PROBLEM TO SOLVE.
Give the listing again word for word. Leave every image out.

#### DATA BLOCK

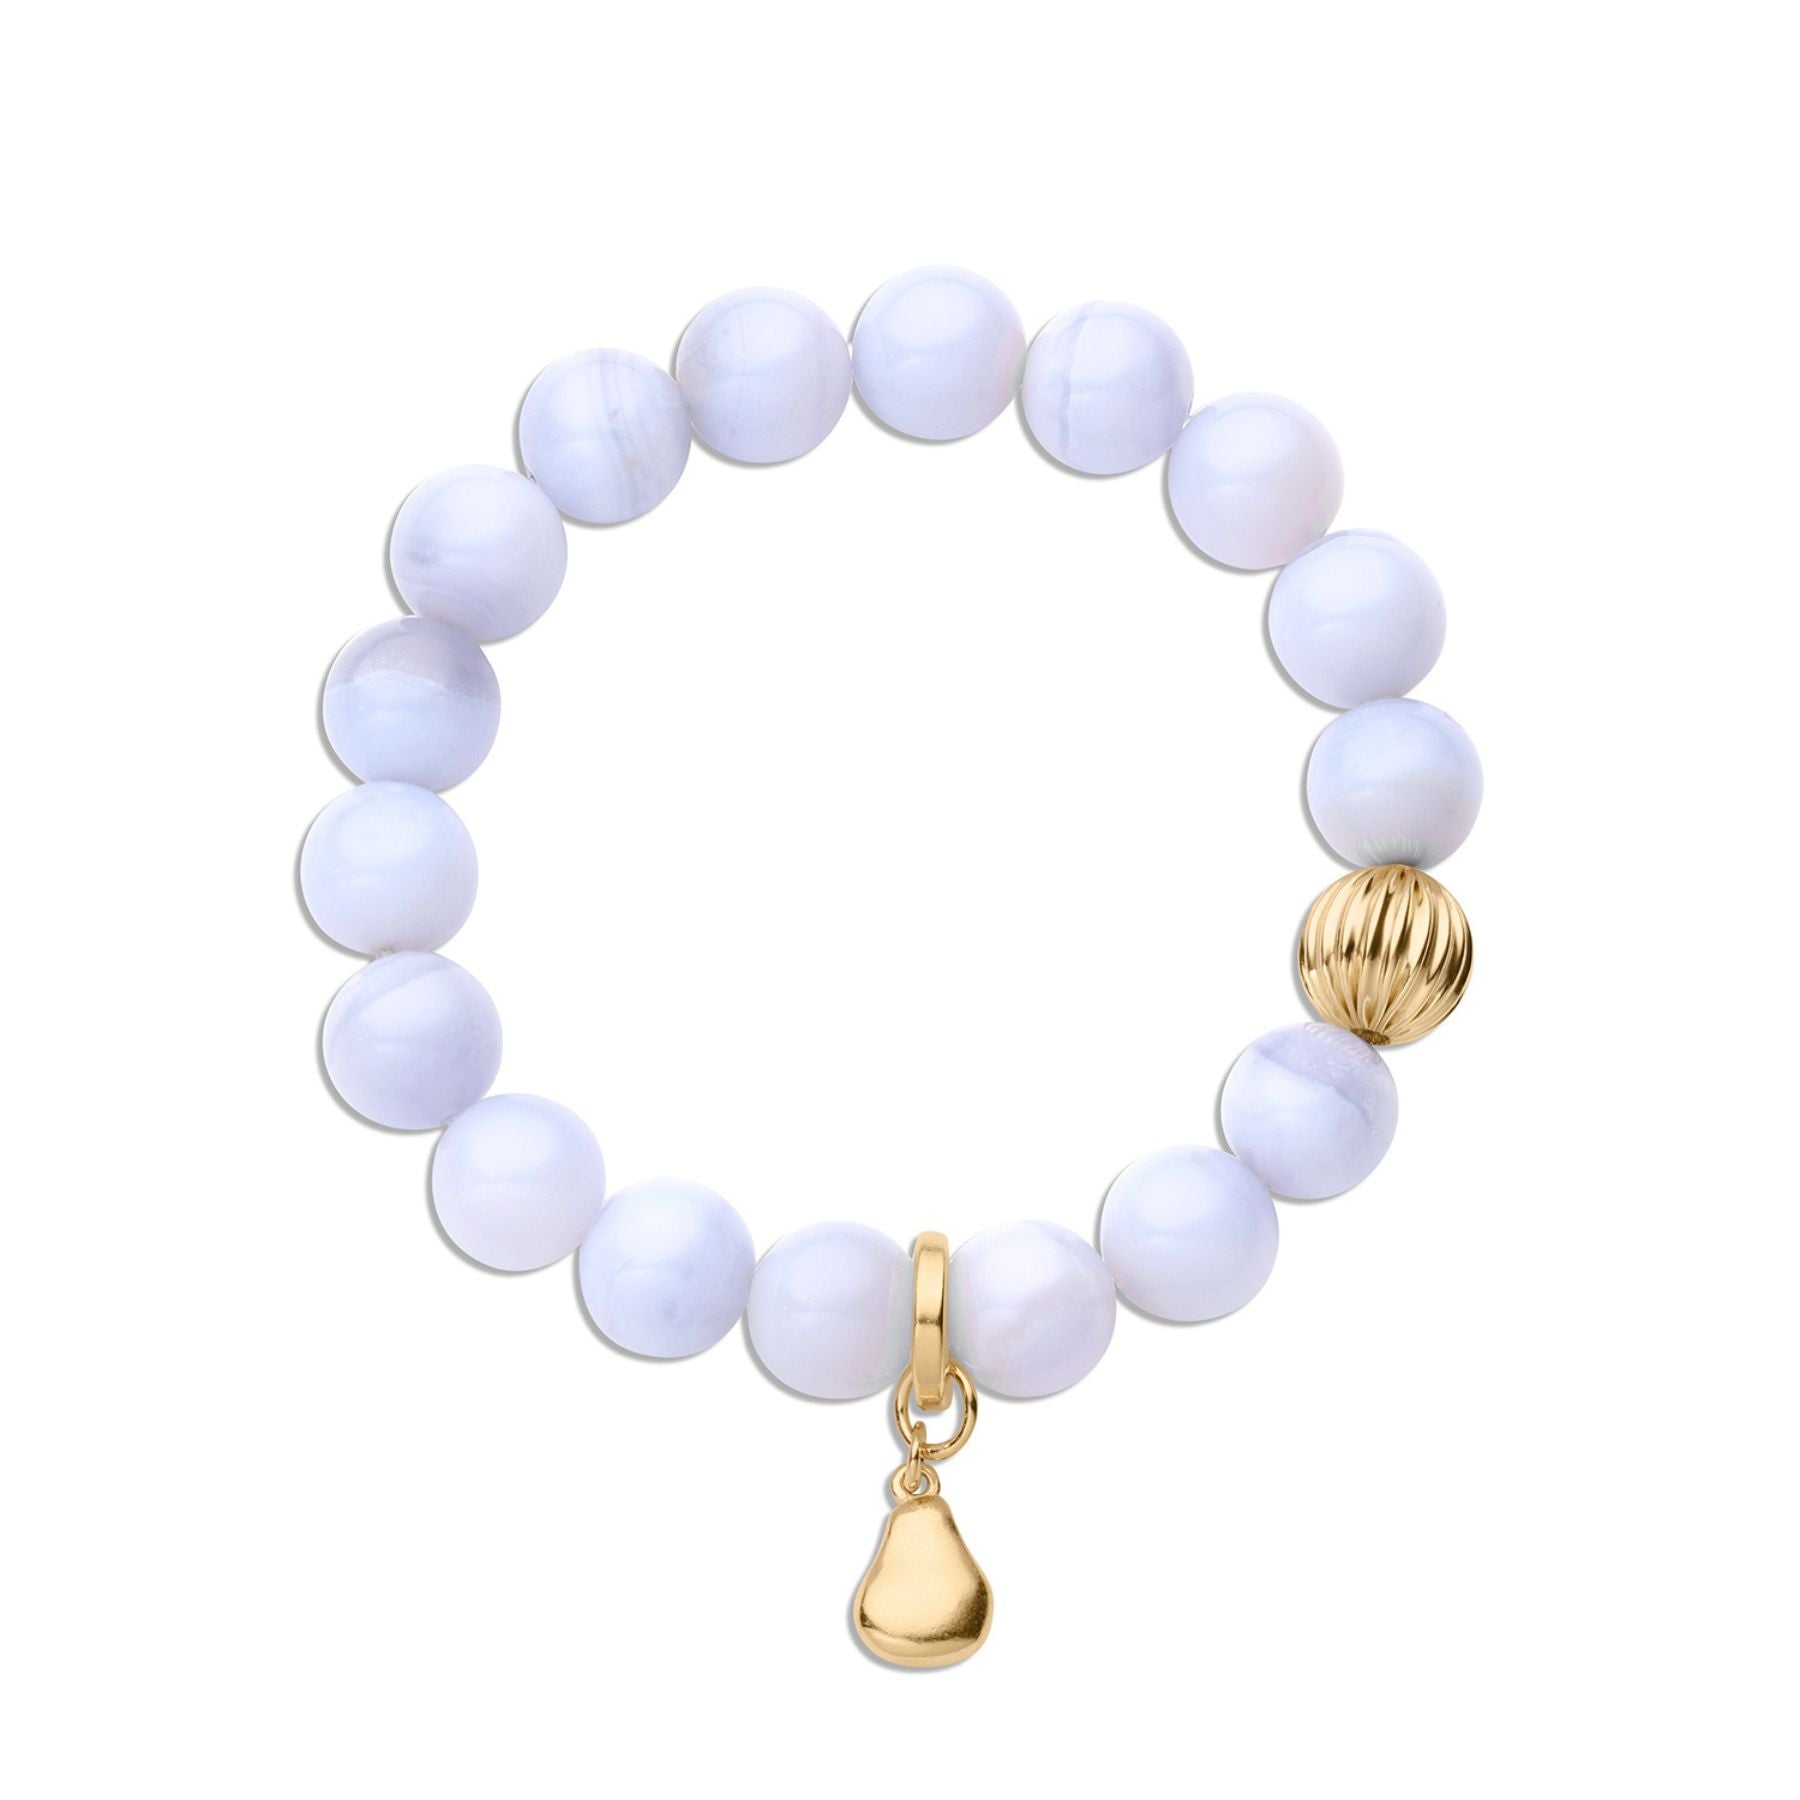 Beaded bracelet with blue agate crystals, gold corrugated bead, and gold pear charm.
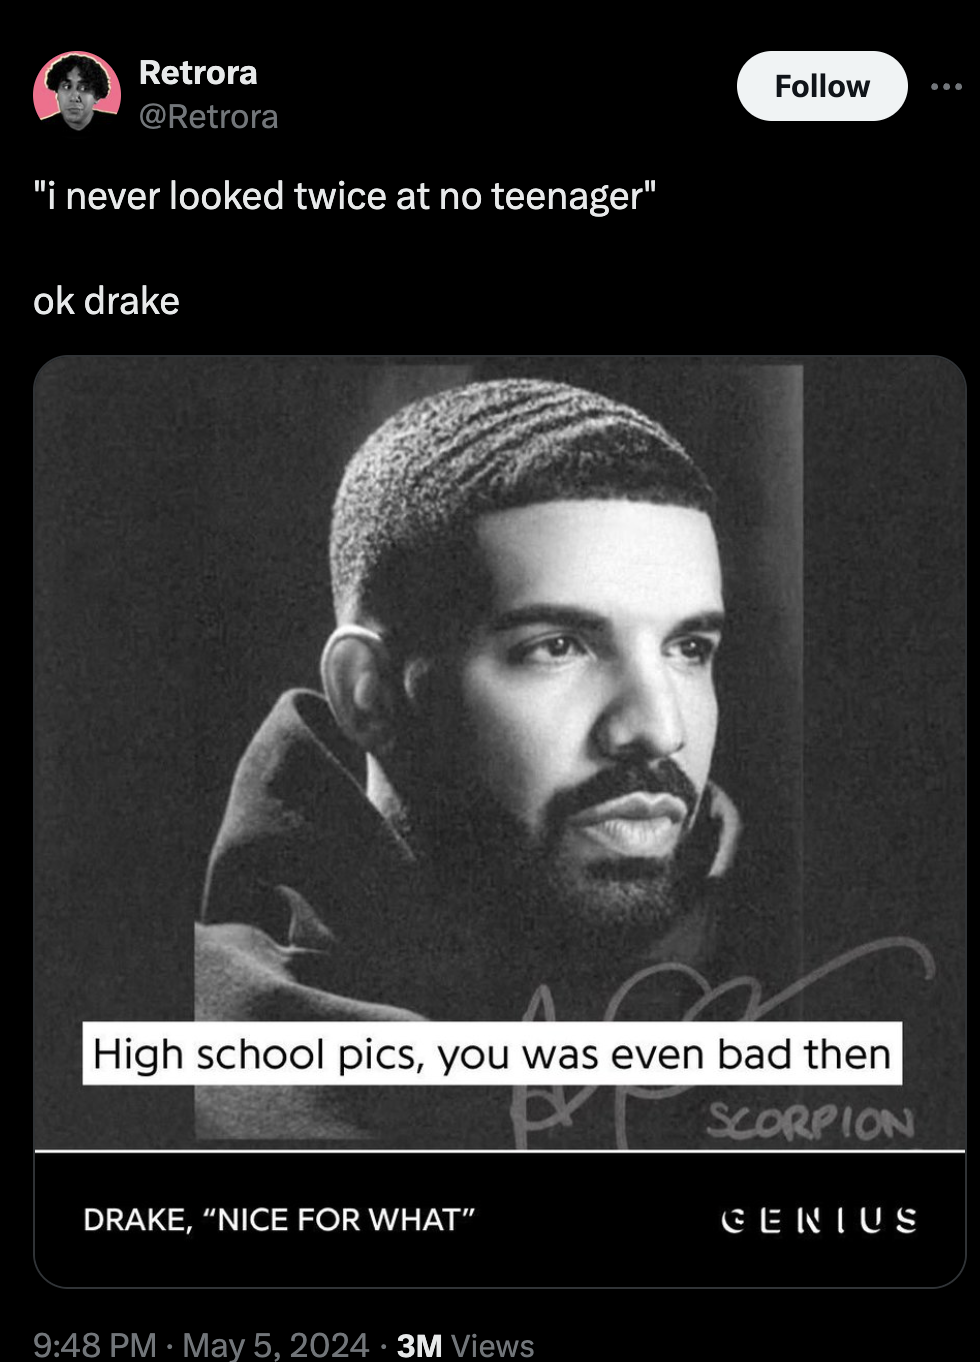 scorpion album cover color - Retrora "i never looked twice at no teenager" ok drake High school pics, you was even bad then Drake, "Nice For What" 3M Views Scorpion Genius
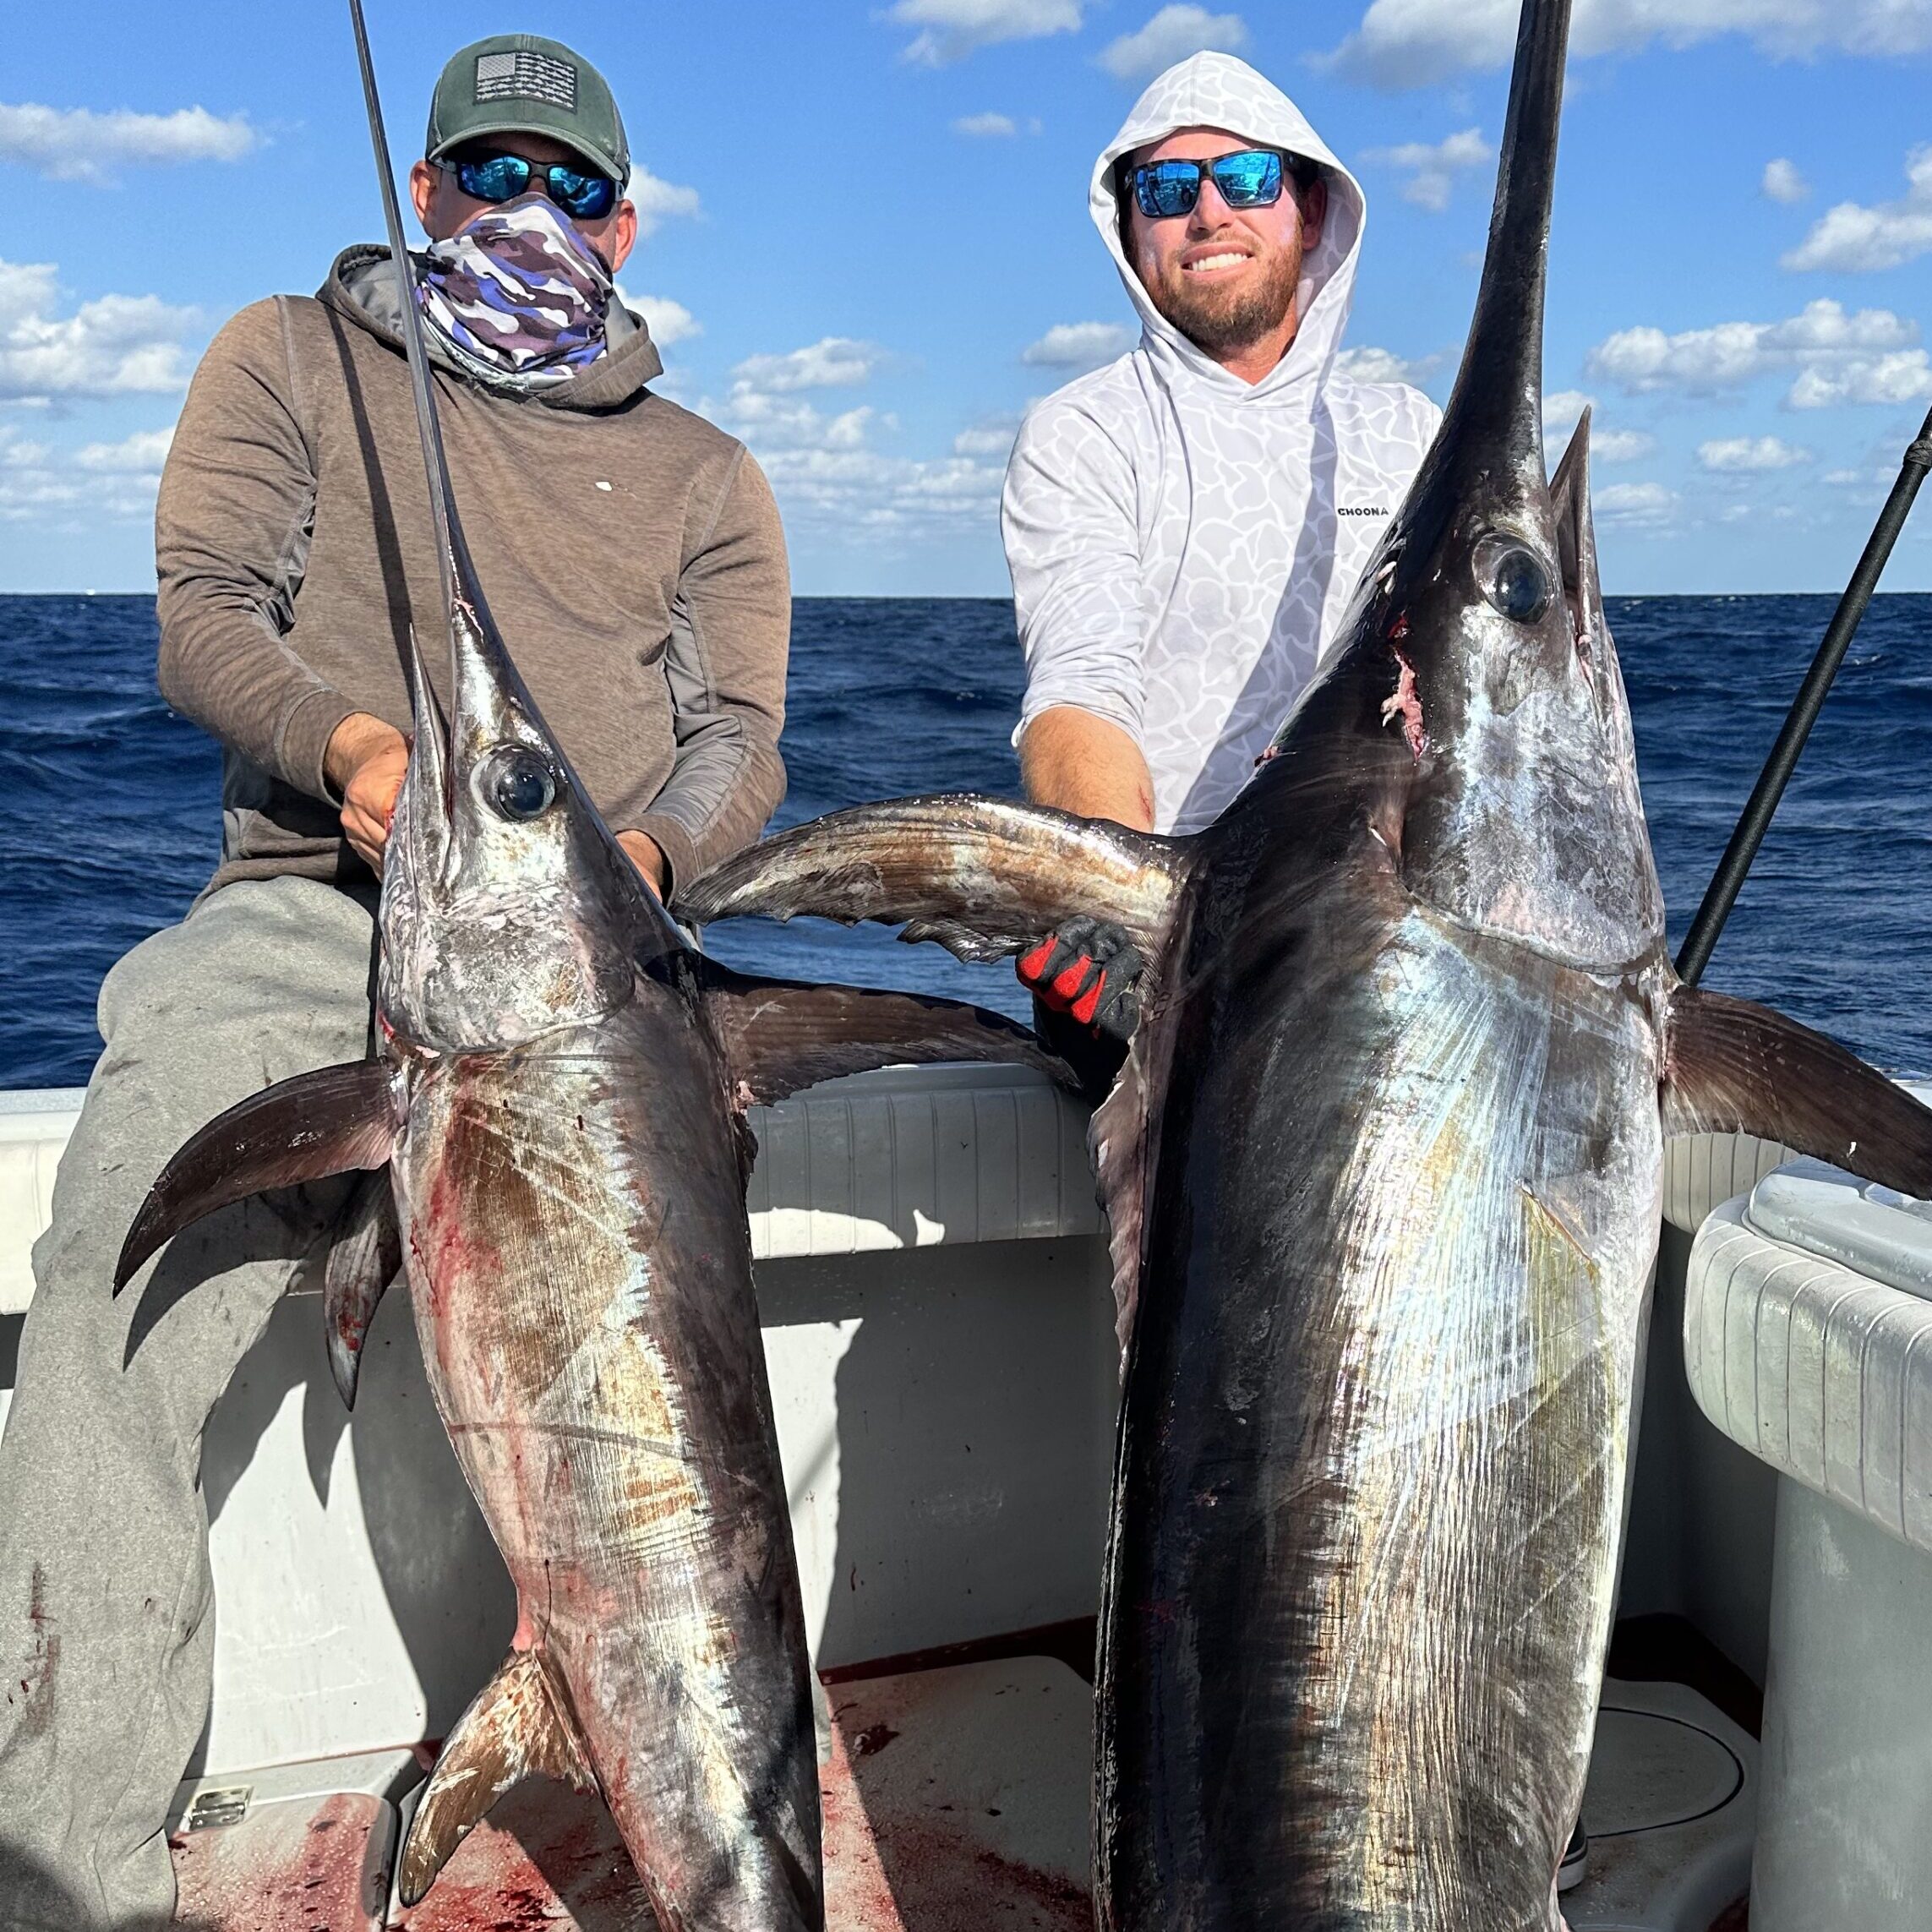 Two clients on a sword fishing charter proudly holding up two large swordfish they've caught, smiling with the ocean in the background.

########

COMPLETED TASK.
 Beaded bracelet with blue agate crystals, gold corrugated bead, and gold pear charm.
 scorpion album cover color - Retrora "i never looked twice at no teenager" ok drake High school pics, you was even bad then Drake, "Nice For What" 3M Views Scorpion Genius
 Two clients on a sword fishing charter proudly holding up two large swordfish they've caught, smiling with the ocean in the background.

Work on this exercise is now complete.